Check out my packing lists if you want to see what I’m aiming to fit in my suitcase. Euro Summer Packing List, French Riviera Packing List
This week, The Upgrade explores branded hotel residences. I’m talking about the Aman, Montage, and One & Only villas that are privately owned and attached to these luxury hotels. We see pitches from hotels looking for LP investors (Limited Partners), and one of the most frequent inclusions in these pitches as of late is the concept of a branded residence model to finance construction. With prices north of $10M, I began to wonder, who on earth is buying these? Why? While the model may make financial sense to developers, it’s often fraught with inherent tensions that the GM has to sort out, unless it’s designed thoughtfully.
Happy travels! Anne Marie
Yours truly on a speedboat in Hvar with one of my Bougie Bunnies, Jack
🗝️ Pre-Departure — Hospitality Hot Takes
Branded Residences — Why Luxury Hotels are Betting on Villas
I’ve worked for two of the largest luxury destination clubs, Exclusive Resorts and Inspirato. The pitch at both these companies was the certainty of a hotel experience with the privacy and space of a villa. The hotel industry is now finally catching up to that tempting offer with an explosion of branded hotel residences.
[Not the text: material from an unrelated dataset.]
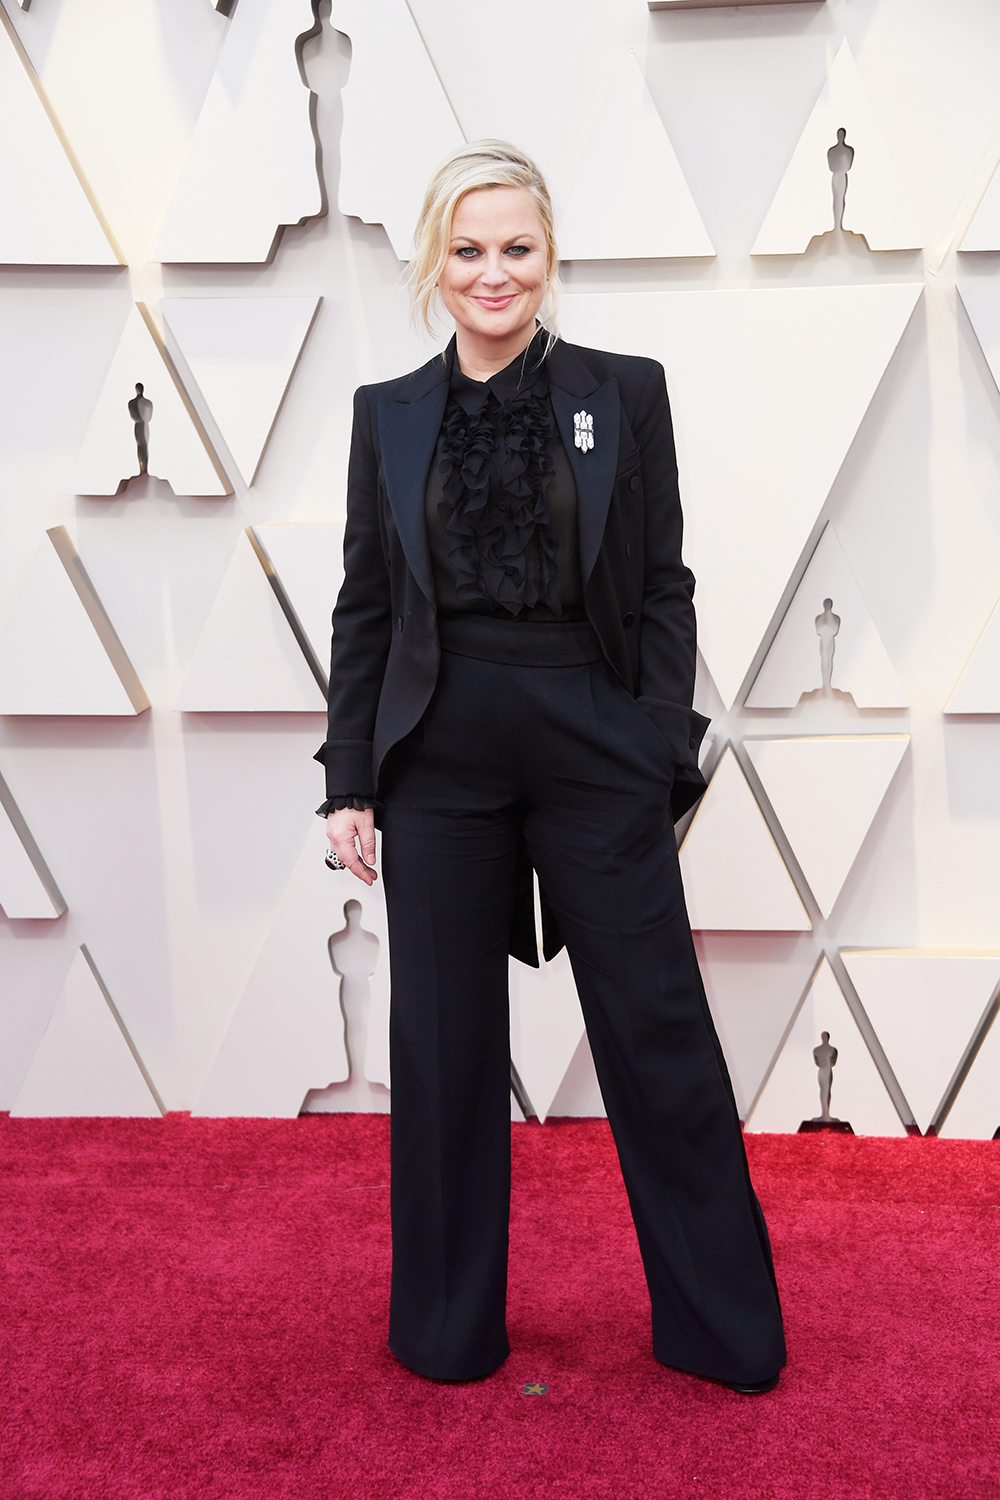 HOLLYWOOD, CALIFORNIA - FEBRUARY 24: Amy Poehler attends the 91st Annual Academy Awards at Hollywood and Highland on February 24, 2019 in Hollywood, California. (Photo by Frazer Harrison/Getty Images)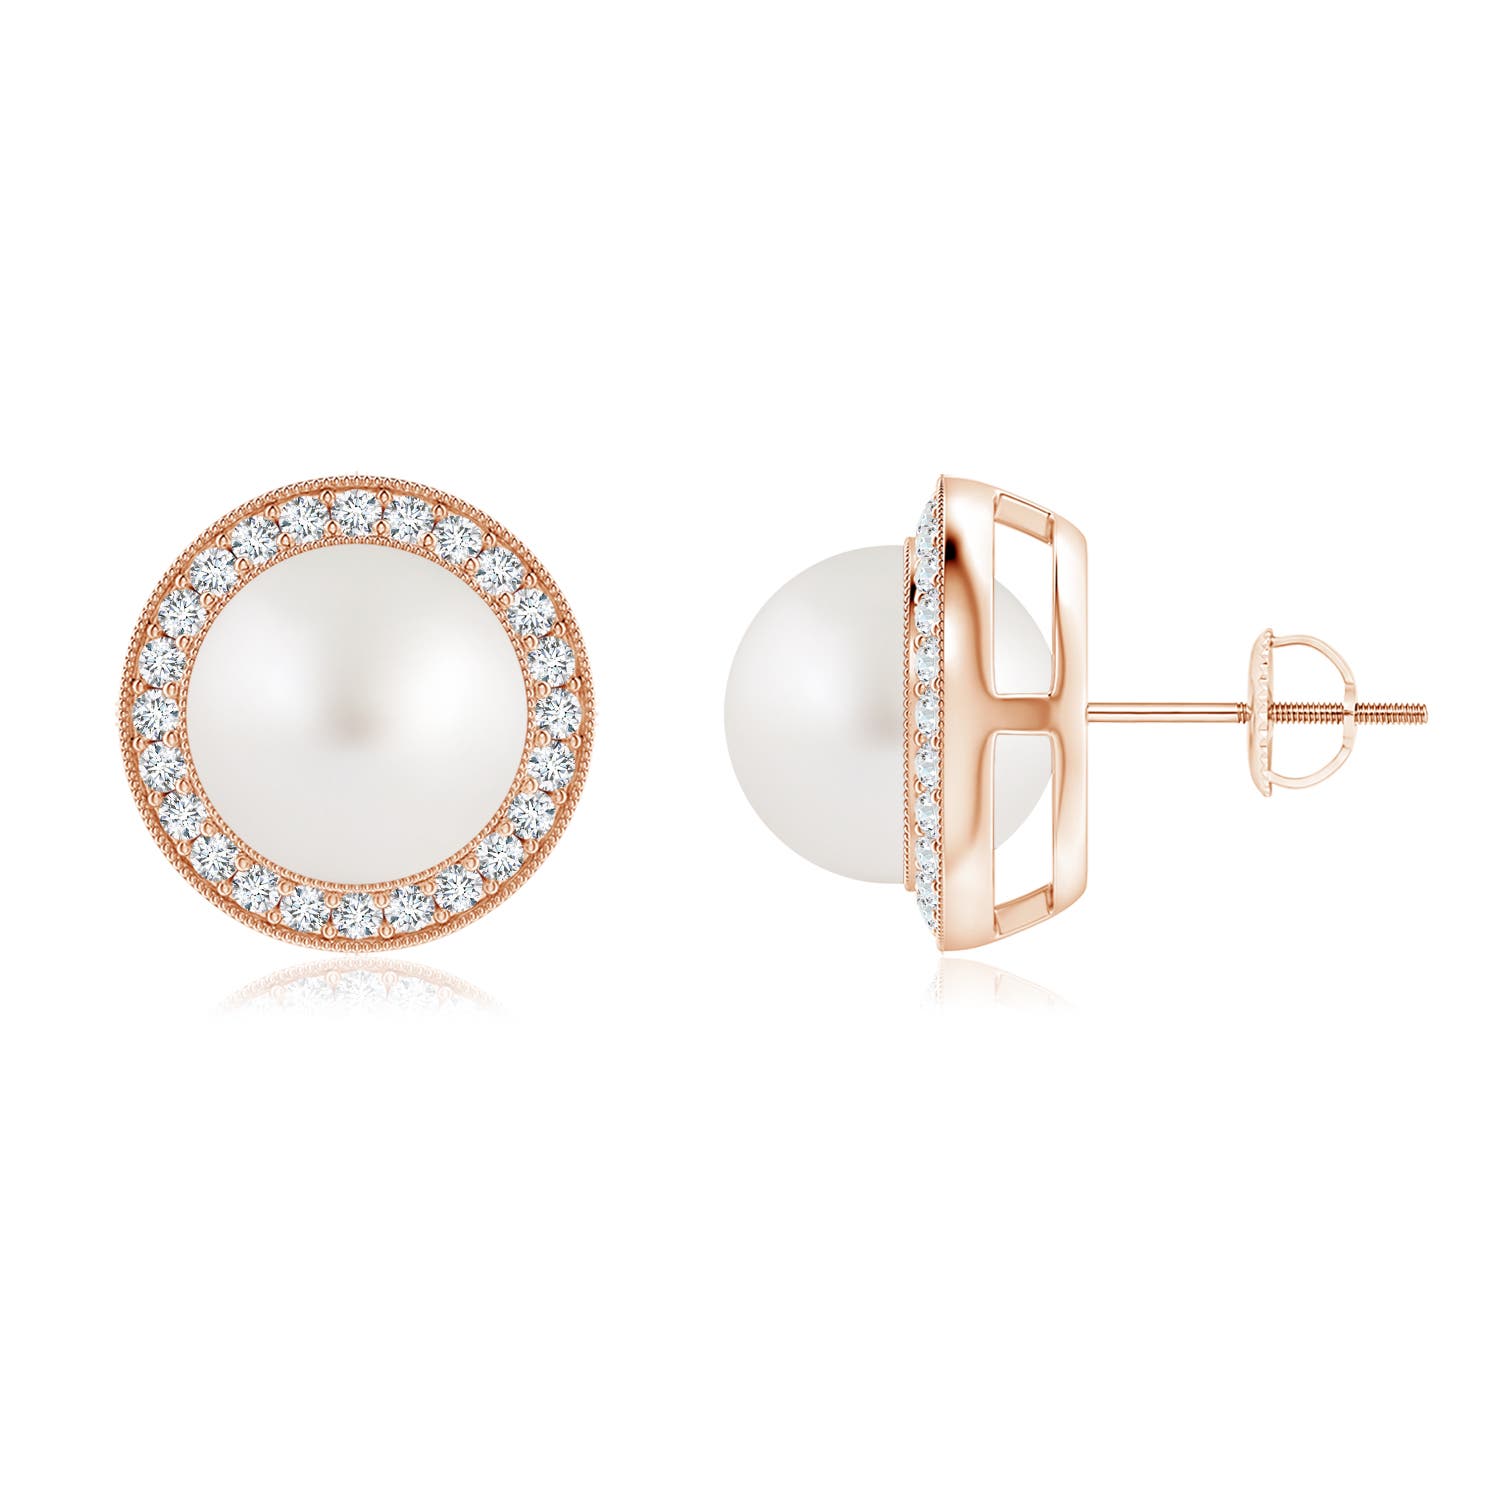 AA - South Sea Cultured Pearl / 11.03 CT / 14 KT Rose Gold

Conduct a site inspection at just about any luxury resort in Mexico today and you’ll hear about their residence product. Families are traveling as multigenerational groups more than ever, particularly my client base, and they want space for the grandparents, nanny, and maybe another family. However, owning a resort residence (i.e., second-home ownership with a more alluring label) comes with maintenance and upkeep. Branded residences aim to straddle this yawning gap.
Branded residences, the private homes sold alongside luxury hotels under the hotel’s flag, have been one of the fastest-growing segments in hospitality for decades. In their current form, they date to The Four Seasons Boston in 1985 and have now become central to how luxury hotels are built in the face of rising construction costs, high land prices, and inflation.
The sector has grown 180% over the last decade. There are now over 700 branded residences globally, with supply expected to double by 2030.[1] Savills forecasts that 60 new brands will enter the space over the next five years.[2]Marriott alone has 142 residences with 138 more in the pipeline. And hospitality outsiders Ferrari, Bentley, Fendi, Armani, and Bulgari have all entered the fray as well.
Why Developers Love This Model
As I noted in The Upgrade a few weeks ago about historic renovation projects, building a luxury hotel is a terrible standalone investment. New construction costs upwards of $2 million per key today. So, what’s a development group to do? They can’t all head down to the bank in a trenchcoat hiding cash to bid on a hotel like my grandfather used to do.
Enter: Residential sales. Developers often sell units before construction is complete, with deposits of up to 70% of the purchase price before handover. In essence, residence buyers are the ones financing the hotel.
Marriott’s chief development officer for North American luxury brands said at the 2026 Americas Lodging Investment Summit: Half of Marriott’s new luxury hotel signings now include a residential component because “luxury hotels are hard to build ... residential allows for higher returns.”[3]
Here’s how the financing for branded residences works:
Hotel brands typically operate under a management agreement and collect fees of 2-3% of property value and rental income, without owning the asset directly. The developer takes the risk. The brand takes the fees and gets the marketing halo.
Additionally, branded residences command a significant premium. The average markup over comparable unbranded properties across the global market is around 33%, rising to 47% in some emerging markets and exceeding 90% in parts of Dubai.[4]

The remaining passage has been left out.